What looked at first like an ill considered, quickly made decision taken without due consultation looks today like a conscious choice to cast aside the usual processes of deliberation and the customary deference to scholarly expertise. The relevance of donor and political pressure on the decision remains one of the uncertainties in the case. What we do know now is that the university had already hired lawyers before sending the fateful letter to Salaita (and that they have since spent hundreds of thousands of dollars on those lawyers, with no clear end in sight).
We also know that the chancellor and provost did consult very selectively with faculty members; they simply did not consult with those who had any standing in the hiring or tenure process, nor with those who had any expertise in the various areas that the Salaita controversy — or for that matter Salaita’s scholarship — concerned. In contrast to the first moments of the controversy, today it is hard to see the unhiring as a simple blunder; it appears rather as the result of a calculation — or, better, miscalculation — about the relative “costs” to the university of hiring or not hiring Salaita.
Regardless of how one frames that original decision, it remains the case that we are yet to see redress for the many injustices that were precipitated by the August 1, 2014 letter to Steven Salaita from Chancellor Phyllis Wise and Vice President for Academic Affairs Christophe Pierre.

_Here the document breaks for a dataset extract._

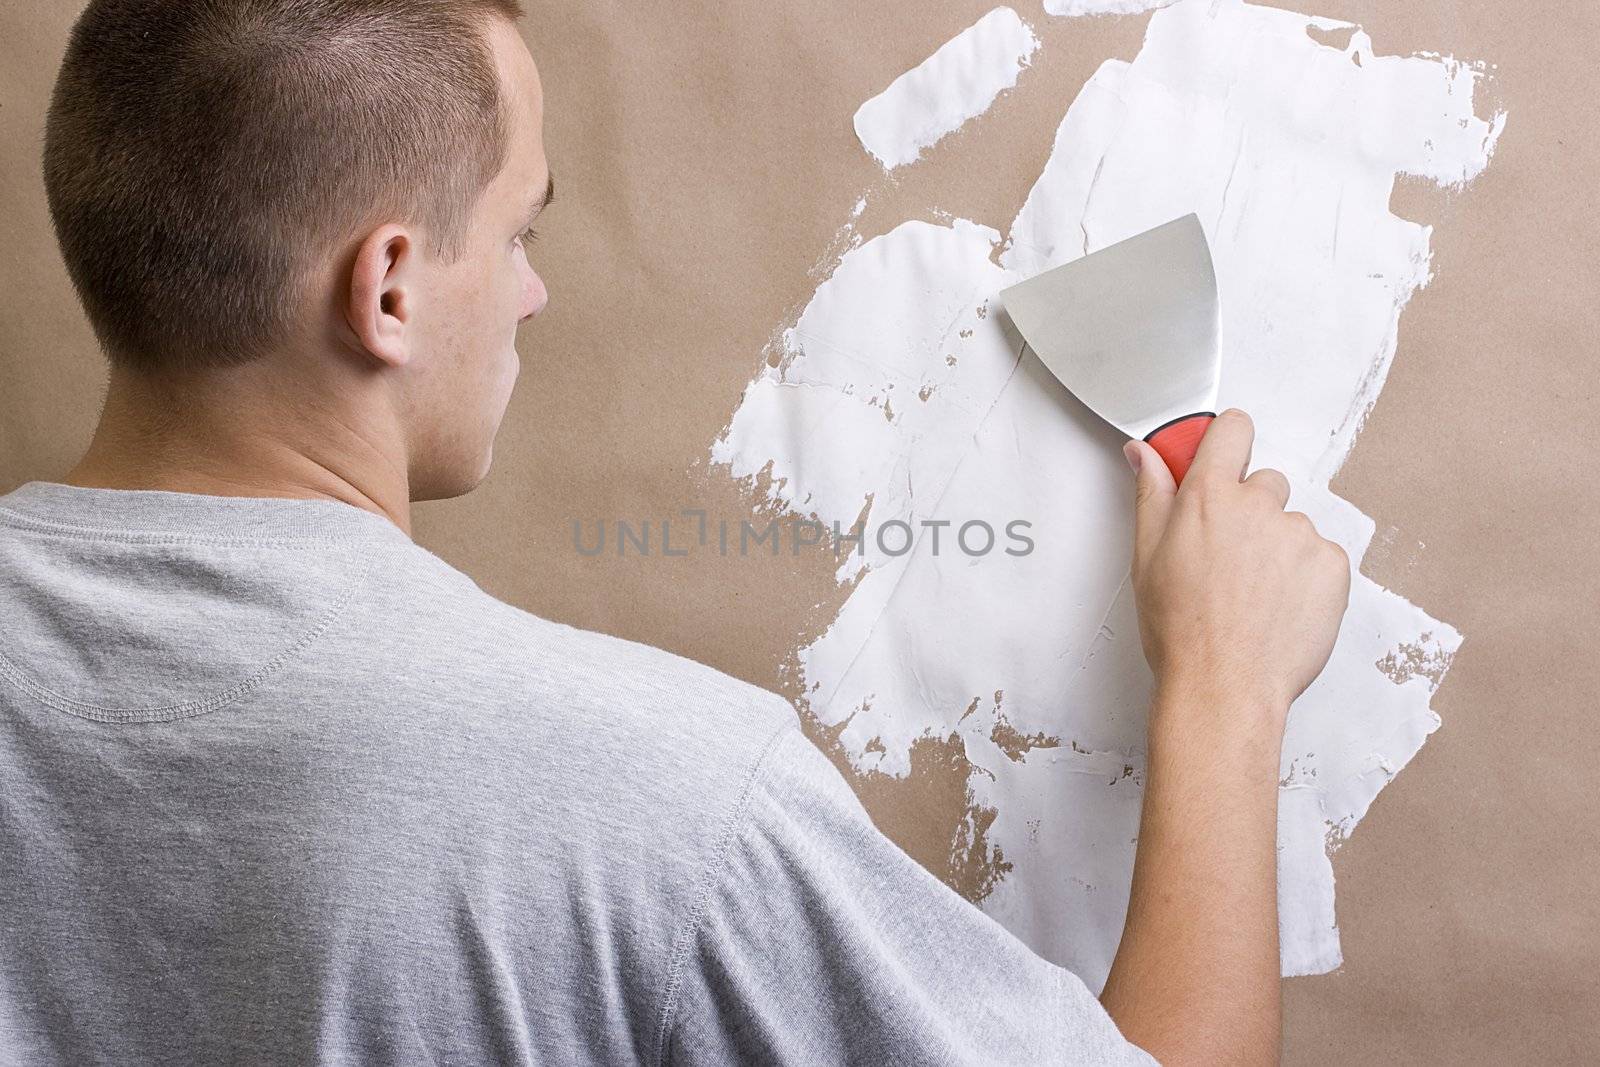 Caucasian man plastering a brown wall with a pallet.
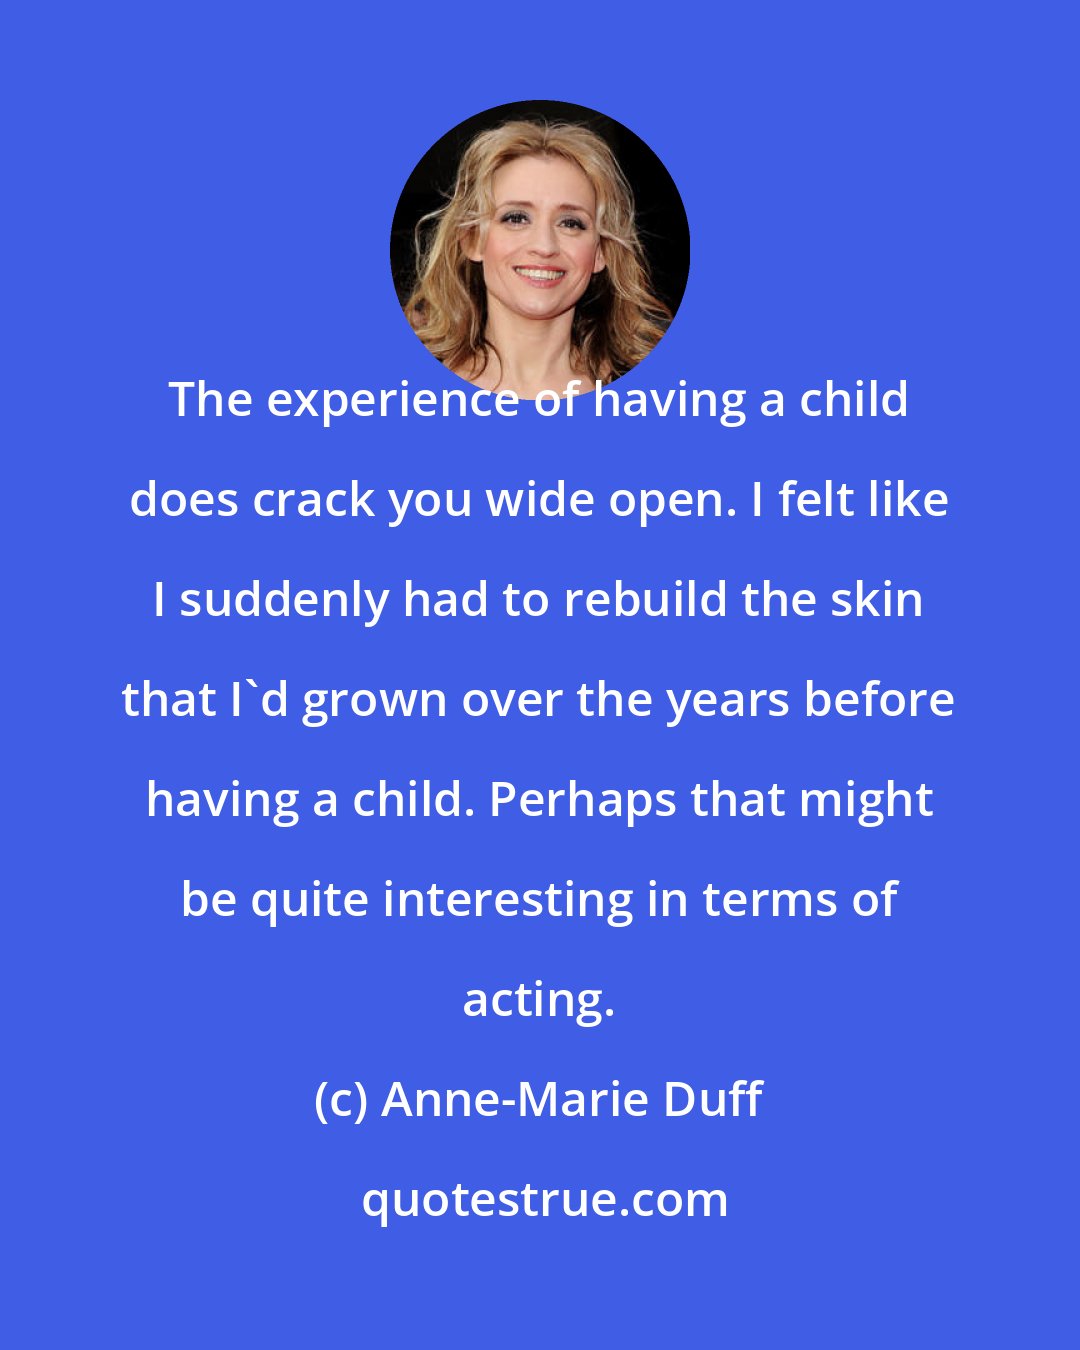 Anne-Marie Duff: The experience of having a child does crack you wide open. I felt like I suddenly had to rebuild the skin that I'd grown over the years before having a child. Perhaps that might be quite interesting in terms of acting.

Among those injustices are the ones done to Salaita’s career and well being as well as his freedom of expression; to colleagues in American Indian studies, who had their search overturned and their program irreparably damaged; and to those of us in the greater Urbana-Champaign campus,, who have suffered the violation of shared governance and the erosion of our ability to maintain an engaged and open intellectual community that many faculty members have spent years (and even decades) building.
Just as the lawsuits emerging from the case remain open, so does the attempt to think through its implications. In a previous essay, I called the Salaita case “overdetermined” in order to capture the many intersecting forces that came together in the unhiring.
I believe this remains an important optic. Like the medium of Twitter itself, the case involves a ricochet of colliding messages and mixed contexts. Ultimately at stake in the case, I argue here, is the interpretive power to decode those messages and to frame the political stakes of those contexts: the conflict-laden contexts of Israel-Palestine, indigeneity, and the university itself.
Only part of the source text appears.